Plus souvent encore, on compare les laits d’après leur
richesse en matière grasse. Certains laits fournissent 1 kilogramme de
beurre par 20 litres, tandis qu’il faut 28 et même 30 litres de lait
pauvre pour en obtenir la même quantité.
Si la nourriture influe sur la sécrétion lactée, elle agit
encore davantage sur la qualité du lait, lequel peut être acide ou alcalin,
deux anomalies fréquentes, qui influent sur sa conservation et sa
digestibilité.
En principe, les enfants et même les grandes personnes ne
devraient consommer que des laits normaux, ayant un titre acidimétrique compris
entre 17 et 19° Dornic, ce qui correspond à une teneur de 1gr,7
à 1gr,9 d’acide lactique par litre.
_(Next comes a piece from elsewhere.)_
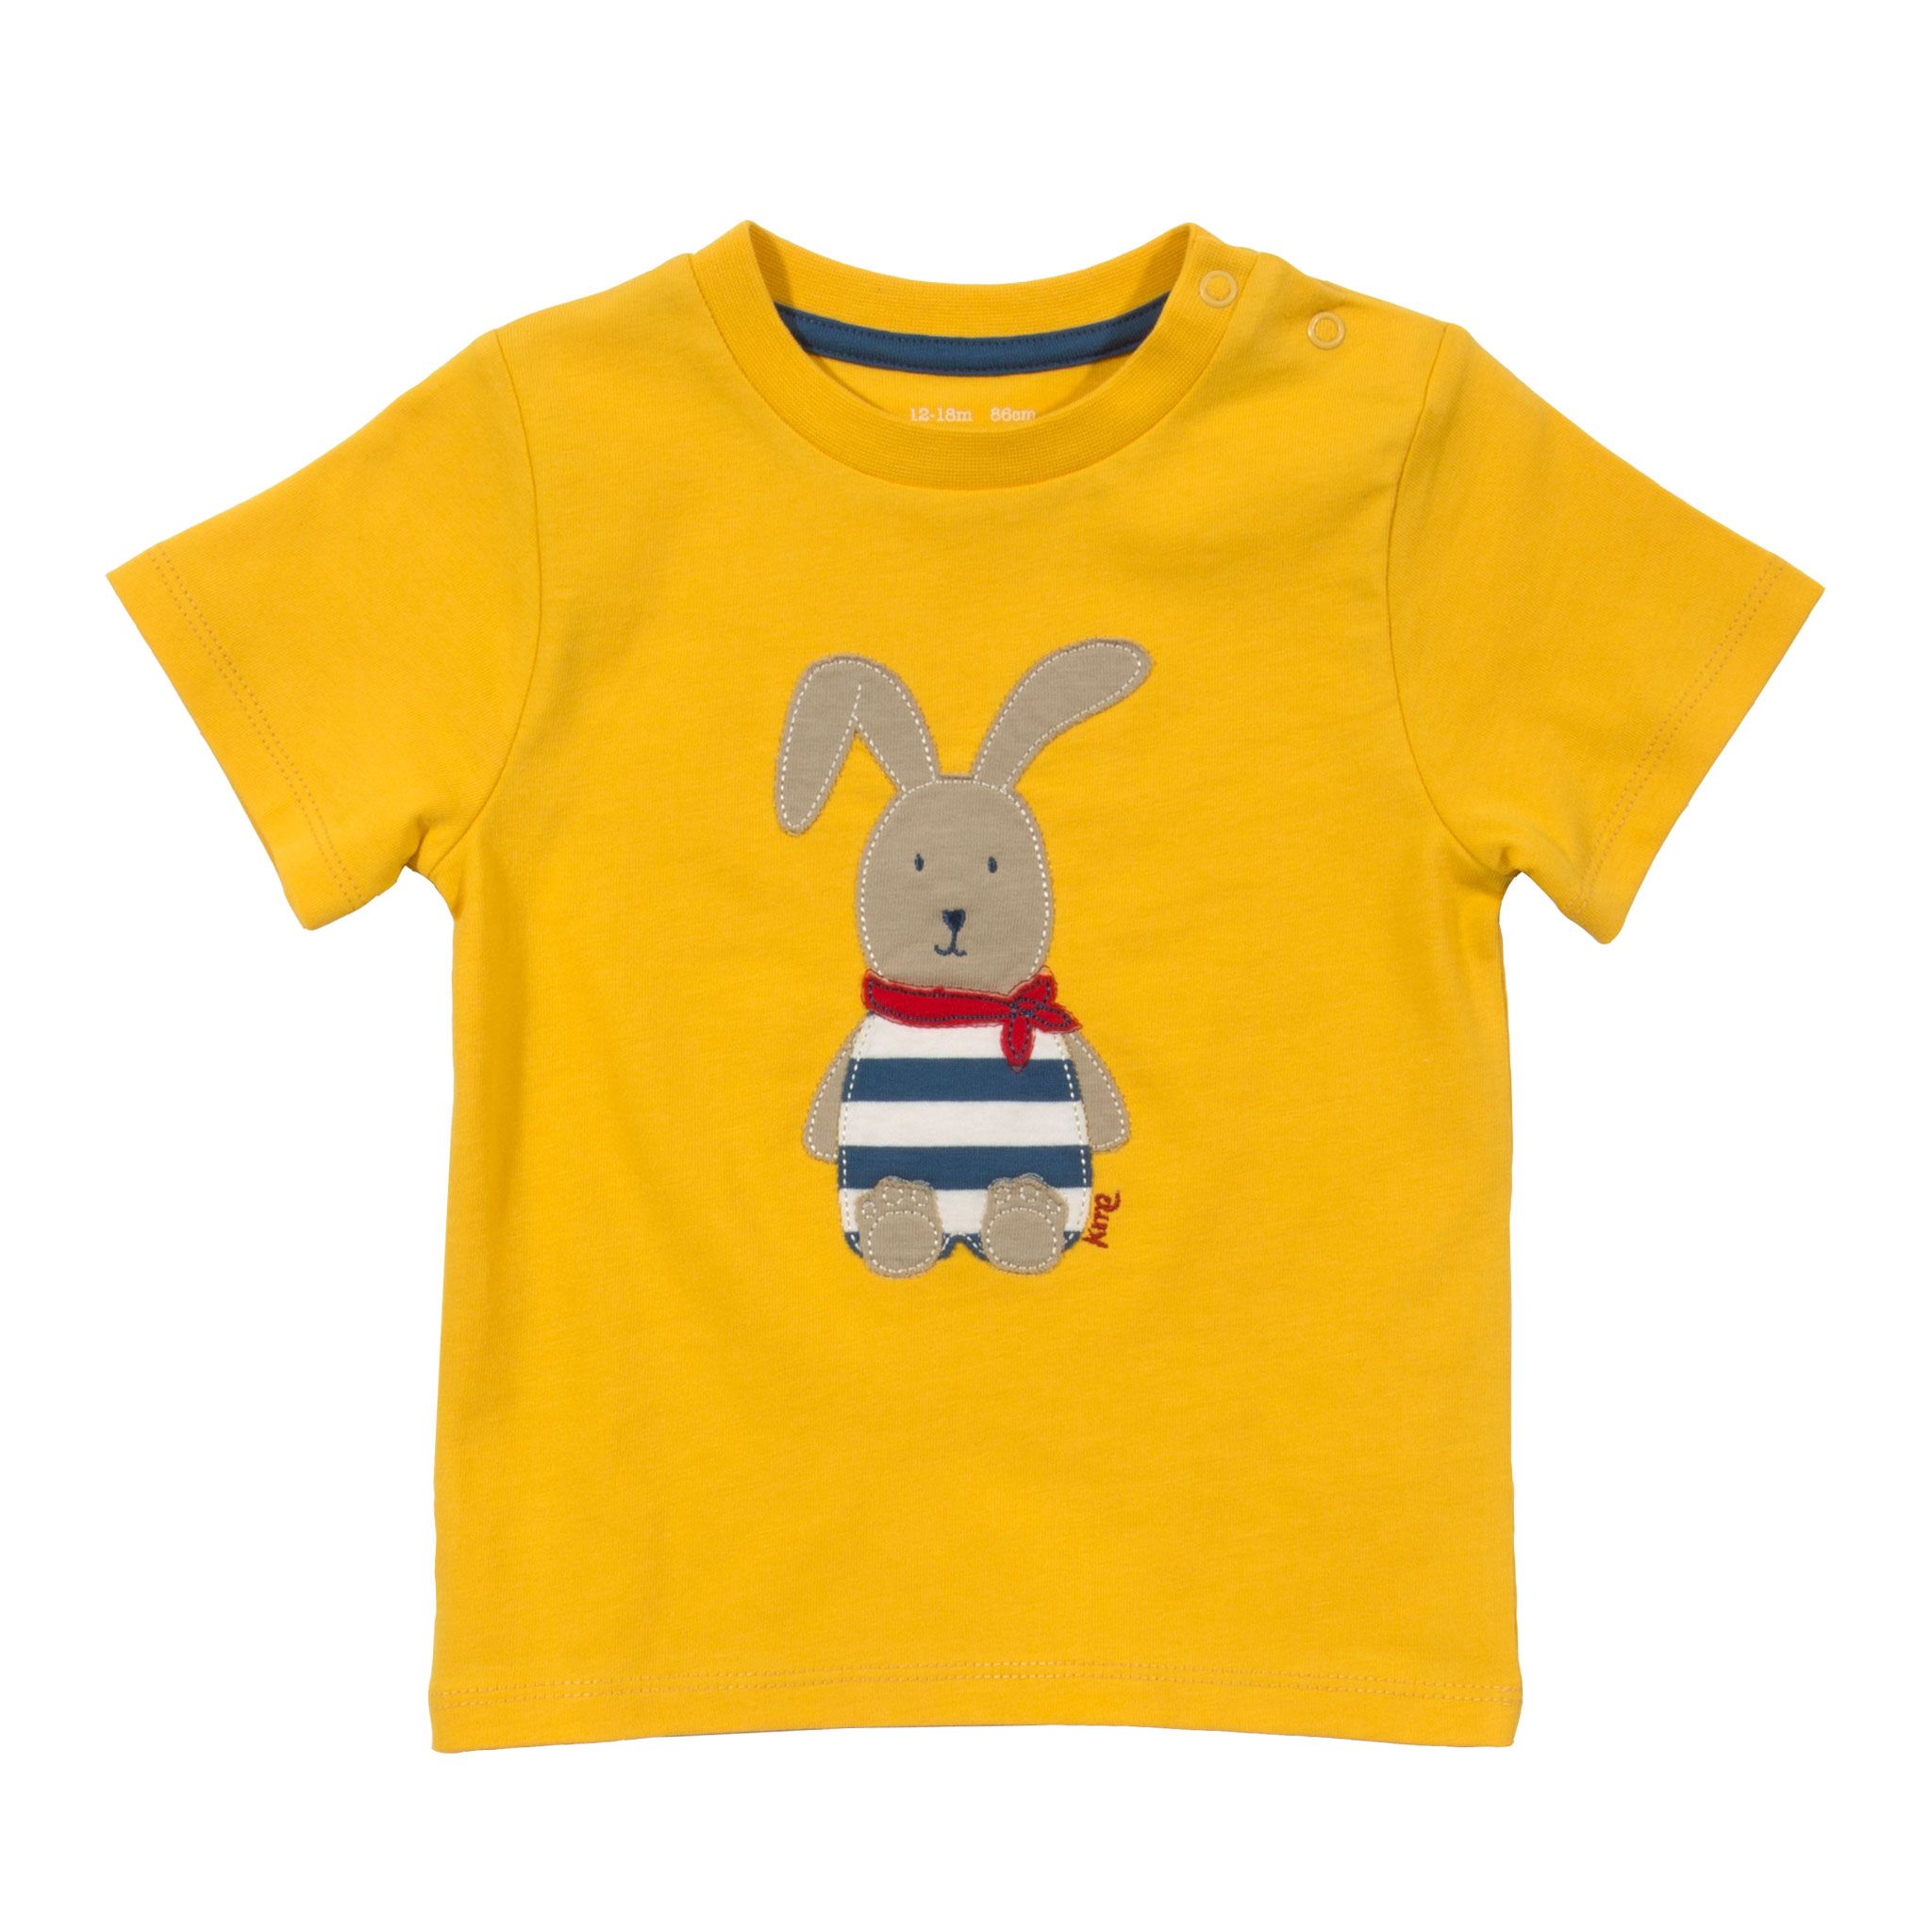 Kite Short Sleeve T-Shirt Baby Boy Rabbit Yellow
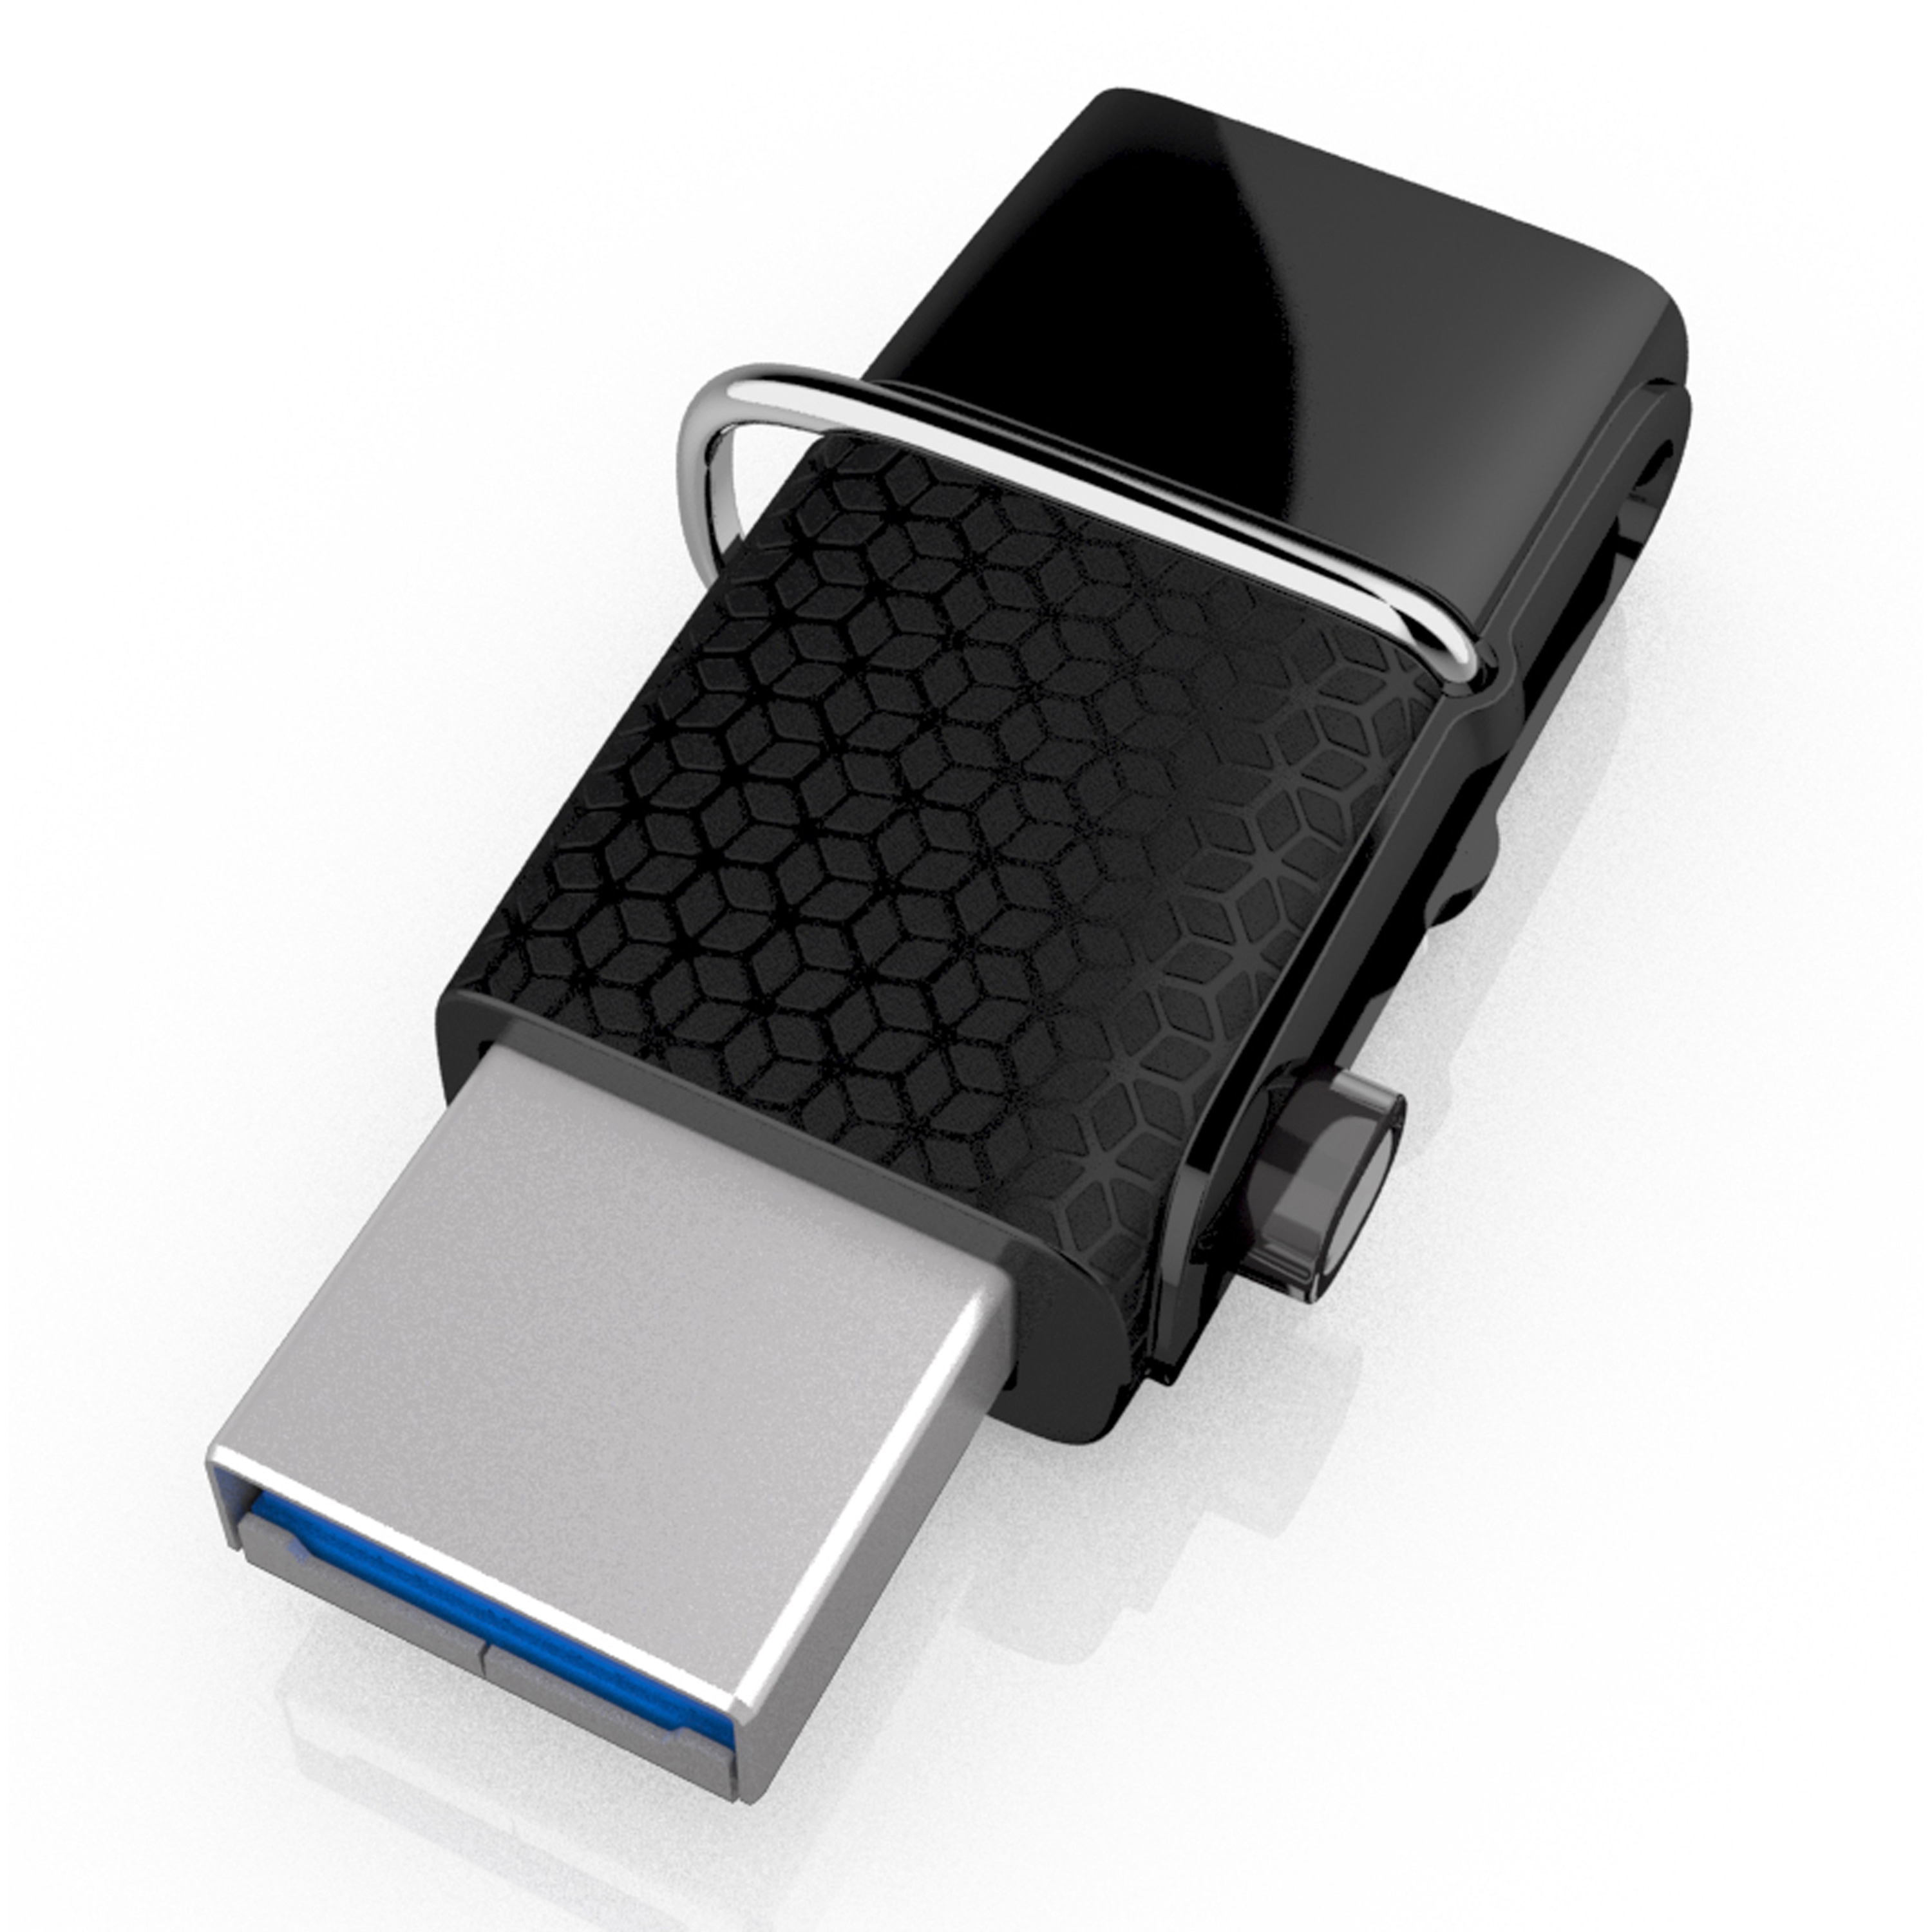 SANDISK Ultra Dual Drive 32 GB, USB 3.0 & microUSB, bis zu 150 MB/s, zur Übertragung von Dateien zwischen Smartphone und PC oder Mac

Un lait qui, au sortir du
pis, contient plus de 2 grammes d’acidité, est impropre à tous les usages,
parce qu’il se coagule rapidement au repos et précipitamment à la chaleur, au
point de tourner sur le feu. Au contraire, les laits alcalins, dosant moins de 1gr,7
d’acide lactique, n’obéissent pas à l’action de la présure, ni des sucs
gastriques ; aussi ne conviennent-ils pas non plus aux fabrications
laitières, ni à l’alimentation, du fait qu’ils sont déjà altérés au sortir de
la mamelle.
Quant aux laits pauvres en extrait sec (caséine, graisse,
lactose, sels minéraux), ils sont le reflet de la santé des bêtes, de même que
les laits manifestement malades (filants, bleus, rouges, malodorants,
amers, sableux, etc.).
Origine des anomalies.
— Si on en excepte les affections mammaires, qui
viennent troubler l’afflux du sang dans les glandes galactogènes, on peut dire
que la nourriture est le facteur qui influe le plus sur la qualité du lait et
sur le rendement.
On comprend sans peine qu’une vache recevant une nourriture
insuffisante, en quantité et en qualité, ne puisse fournir qu’un lait pauvre,
tandis que, si on lui distribue une ration bien équilibrée en tous les
principes (protéine, graisse, hydrates de carbone et sels
minéraux), elle fournira un lait normal, également équilibré.
En ce qui concerne la qualité, une vache peut être
abondamment nourrie et fournir un lait exécrable. Dans ce cas, on doit
attribuer le fait à la nature des aliments. En premier lieu, on examinera les
fourrages, qu’ils soient verts ou secs, les uns et les autres pouvant
occasionner des troubles de lactation, surtout lorsqu’ils contiennent une
proportion élevée de plantes âcres, telles que renoncules, carex,
laîches, prèles, gratiole, lobélia, ail, colchique,
aconit, euphorbes, staphisaigne, morelle, belladone,
arnica, ciguë, feuille d’aune, de buis, de
fusain, de cytise, de troène, et d’autres plantes plus ou
moins vénéneuses.
Comme la mamelle des mammifères est un organe d’excrétion
pour les poisons, les vaches qui ont consommé des plantes toxiques peuvent
fournir un lait également toxique, dangereux pour les personnes qui le
consomment.
Pour toutes ces raisons, on surveillera de près la
nourriture des laitières, et l’on supprimera les aliments suspects, capables de
modifier le goût et la nature des laits, décelés par l’analyse et la dégustation.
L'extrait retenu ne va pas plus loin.